Теперь, немного привыкнув к Соледад, Н. принимал тайные знаки ее тела иначе – почти как свои. А себя он, между прочим, научился жалеть – иначе было бы совсем скверно. Он знал, когда надо пожалеть ноги, а когда – голову, и потому нелепое бродячее бытие переносил в общем-то без потерь.
– Пойдем, – сказал он, под столом взяв женщину за колено и тихонько сжав.
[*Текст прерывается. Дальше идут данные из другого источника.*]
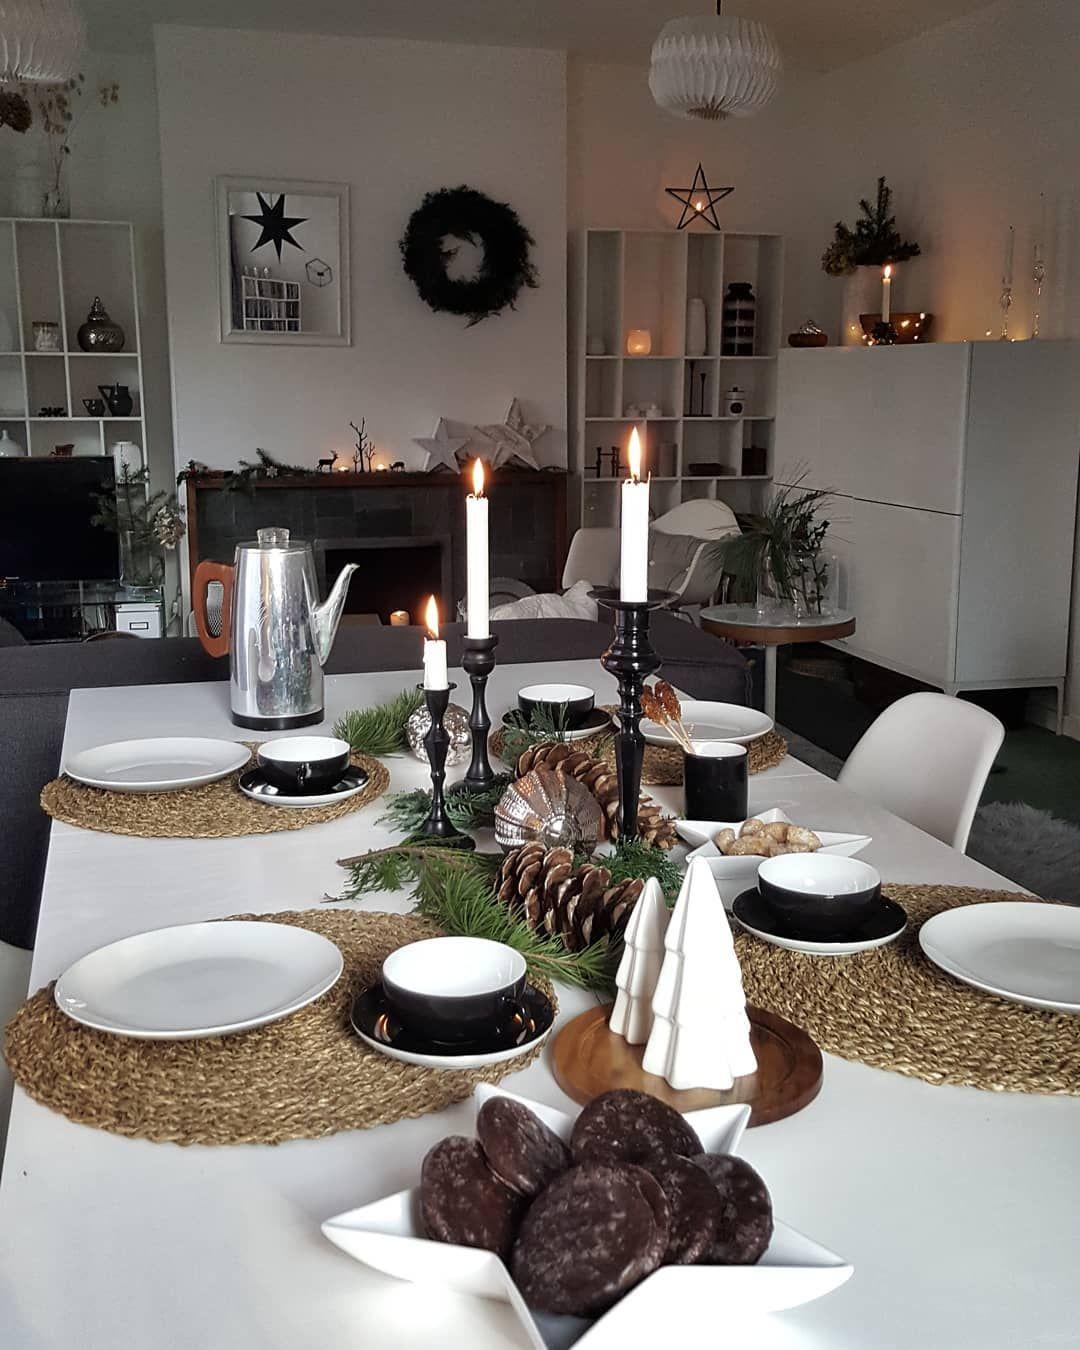 Using Fabrics To Dictate The Temperature Dining Room Inspo

Она подумала, встала и прошла через бар такой походкой, что Н. только носом покрутил, – металлическая была походка, быстрая и грозная, как если бы рыцарь в привычных доспехах прозвякал. Идя следом, Н. кинул взгляд на компанию и ничего особенного не увидел – пятеро мужчин, две женщины, возраст – от двадцати пяти до сорока. Это были не те люди, с которыми Соледад сидела ночью. Только высокого бородатого дядьку он опознал – да и мудрено не запомнить огромную пушистую рыжую бороду, классический веник, и здоровенную лысую макушку, прямо нечеловеческой величины. Дядька этот как раз и махал руками, призывая Соледад. А ночью она сидела с ним рядом, но он, кажется, тогда не обращал на нее внимания.